ASSIGNED TASK - The copy should begin at the line containing "Superb Set of" and end with the last line below, every line exact and no picture included.

INFORMATION GIVEN -

>>>

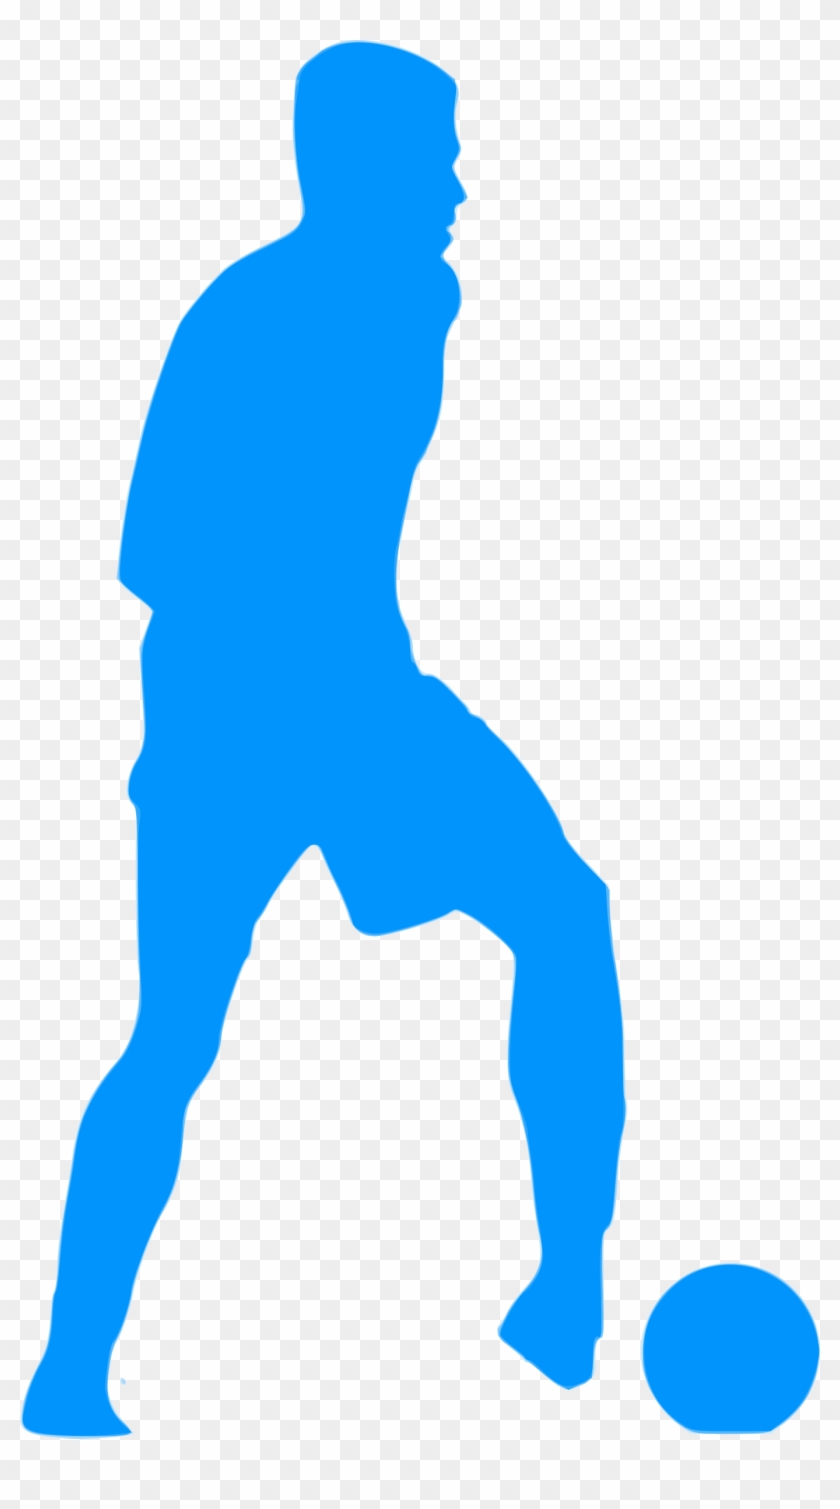 Silhouette Football 21 - Football Player In Vector Png #317537
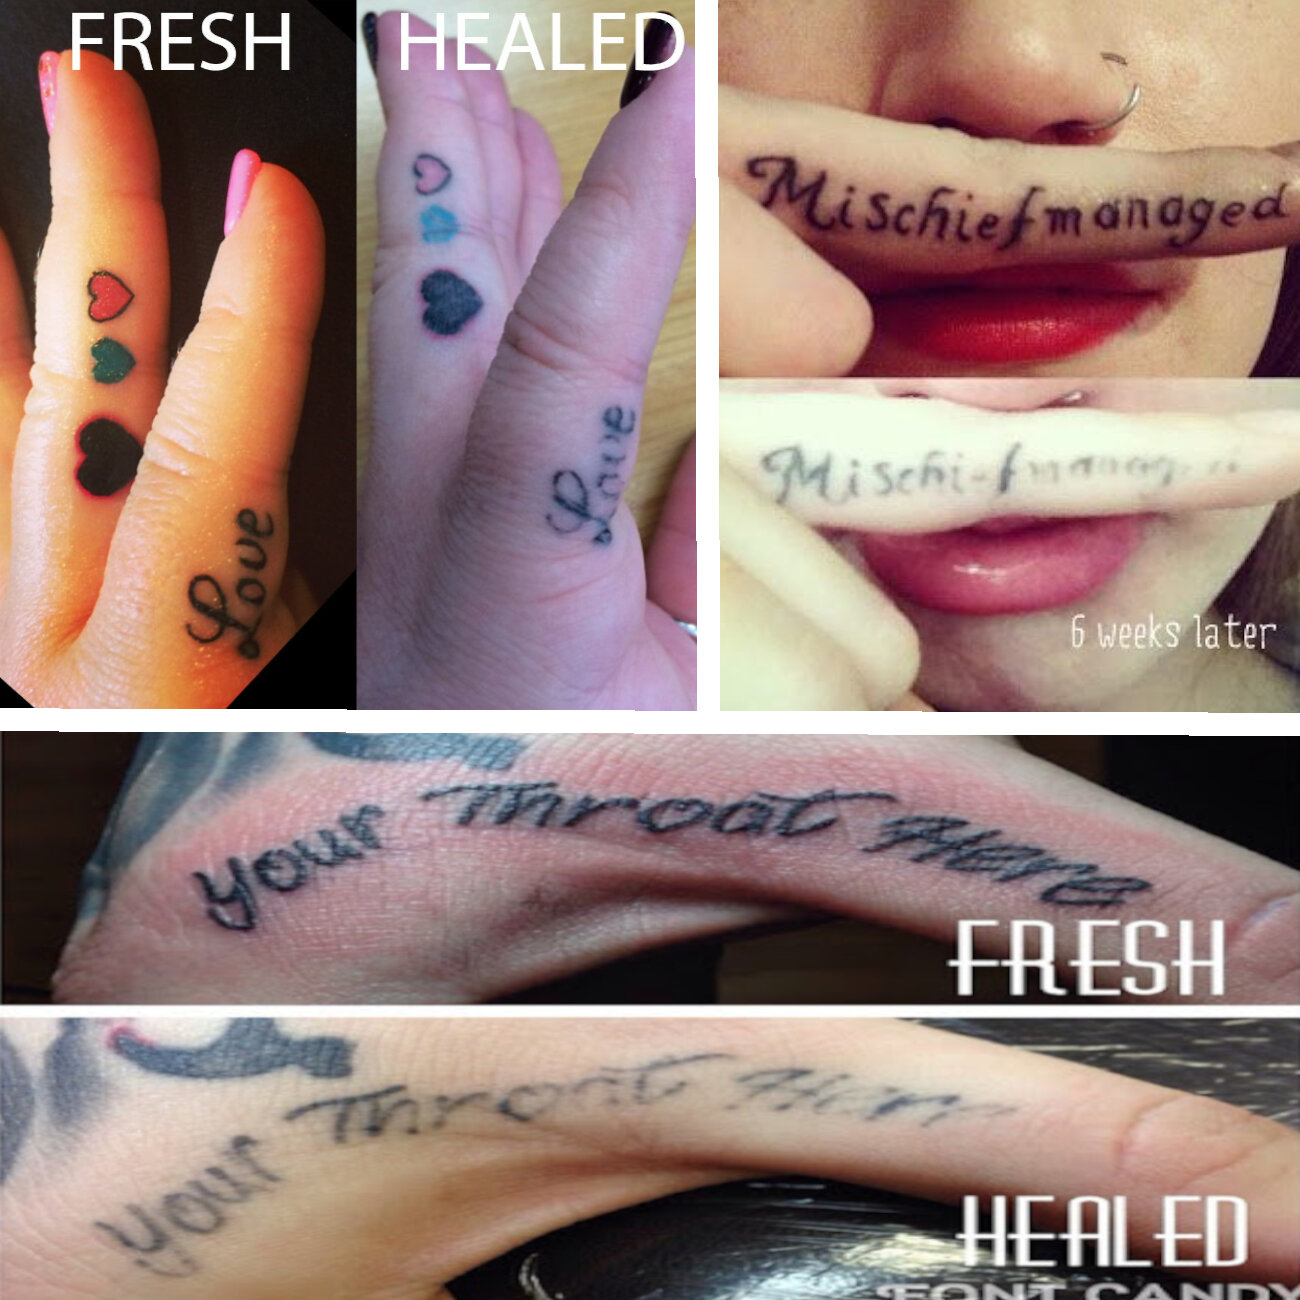 Face and Hand Tattoos: Why We Might Tell You 
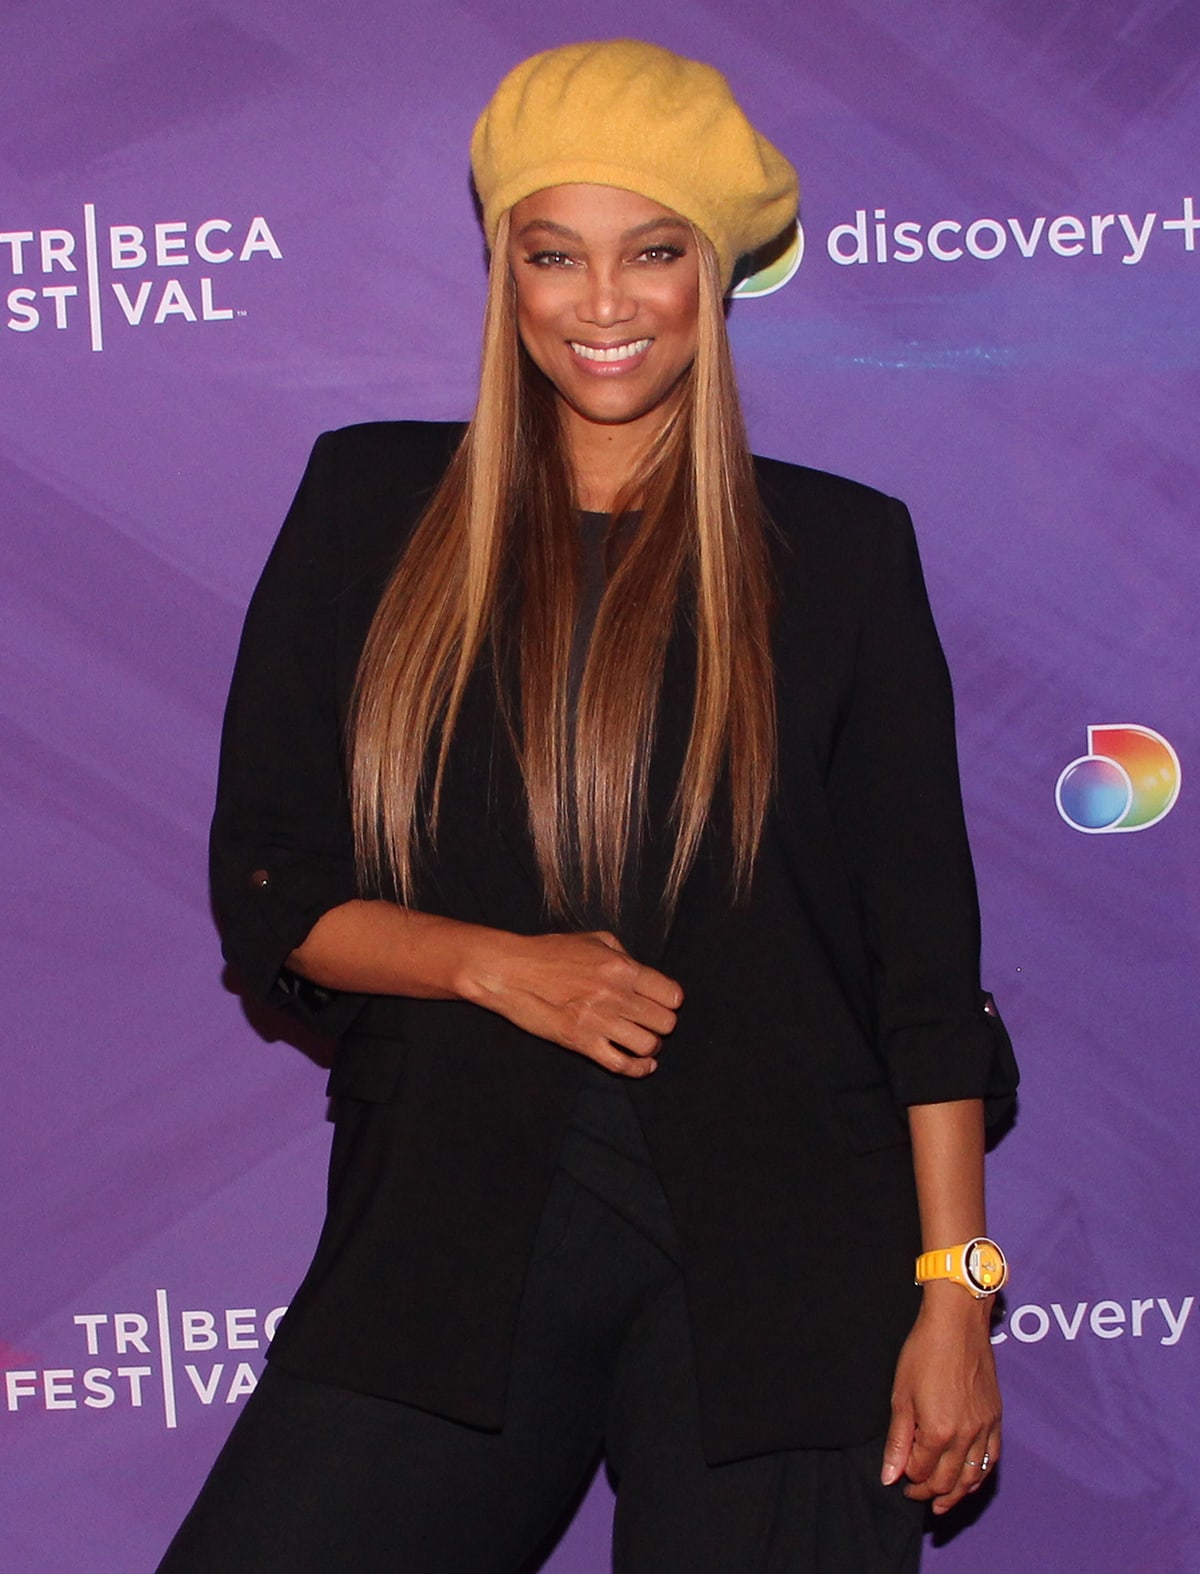 Tyra Banks is leaving Dancing with the Stars to focus on her business
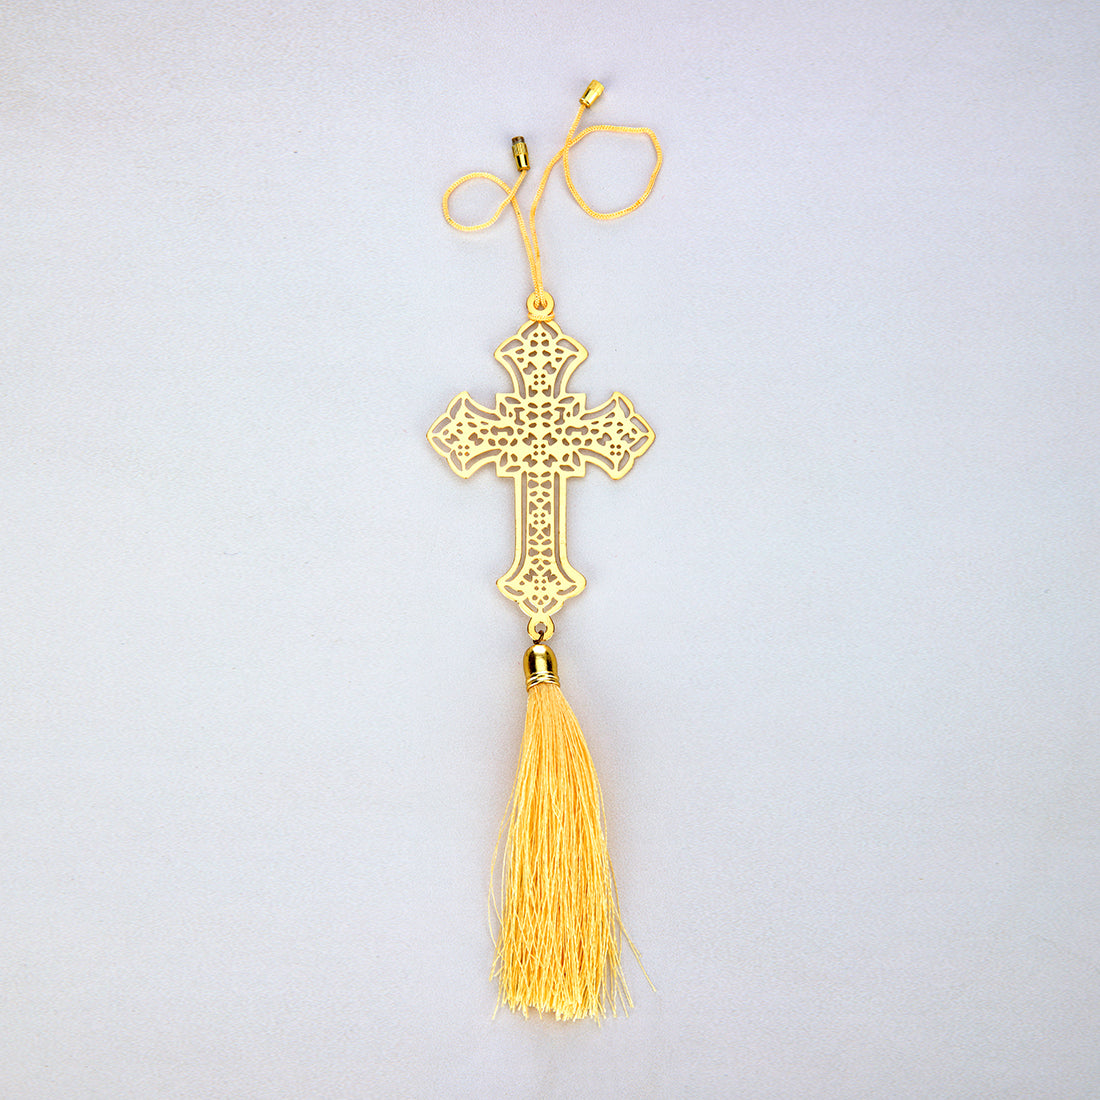 Christian Jesus Cross Hanging Accessories for Car rear view mirror Decor in Brass
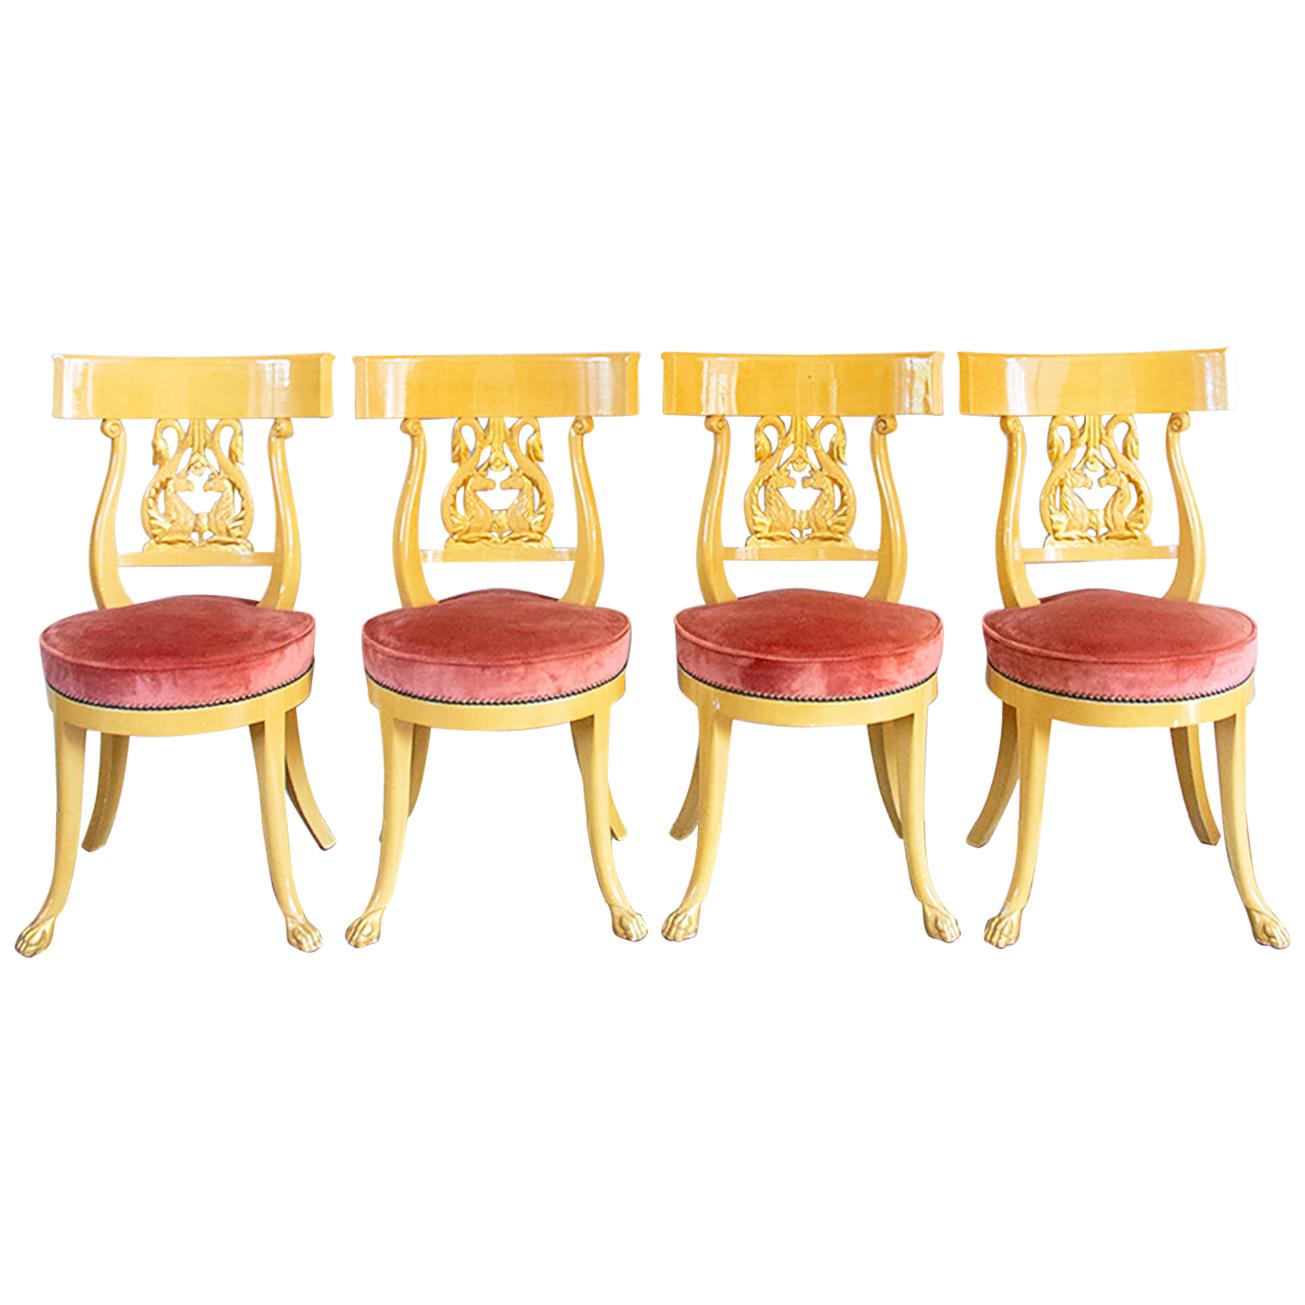 Superb Set of Italian Chairs in Yellow Gold Lacquered Wood, circa 1950 For Sale
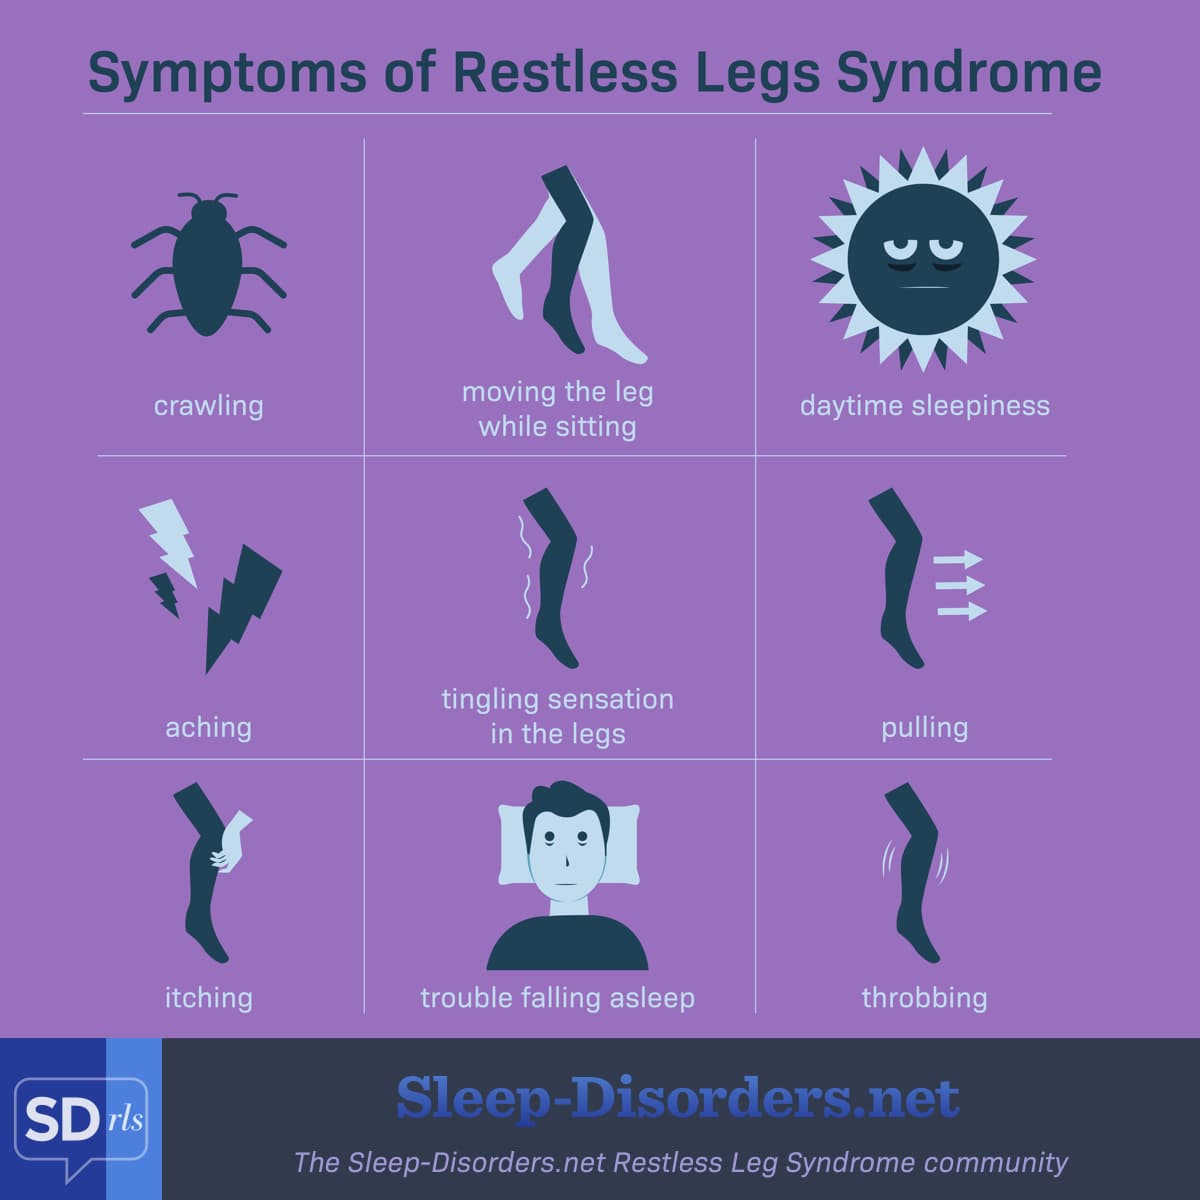 Common symptoms that affect people with Restless Legs Syndrome including trouble falling asleep, daytime sleepiness, and aching

<<<

EXERCISE RESULT -
 Superb Set of Italian Chairs in Yellow Gold Lacquered Wood, circa 1950 For Sale
 Common symptoms that affect people with Restless Legs Syndrome including trouble falling asleep, daytime sleepiness, and aching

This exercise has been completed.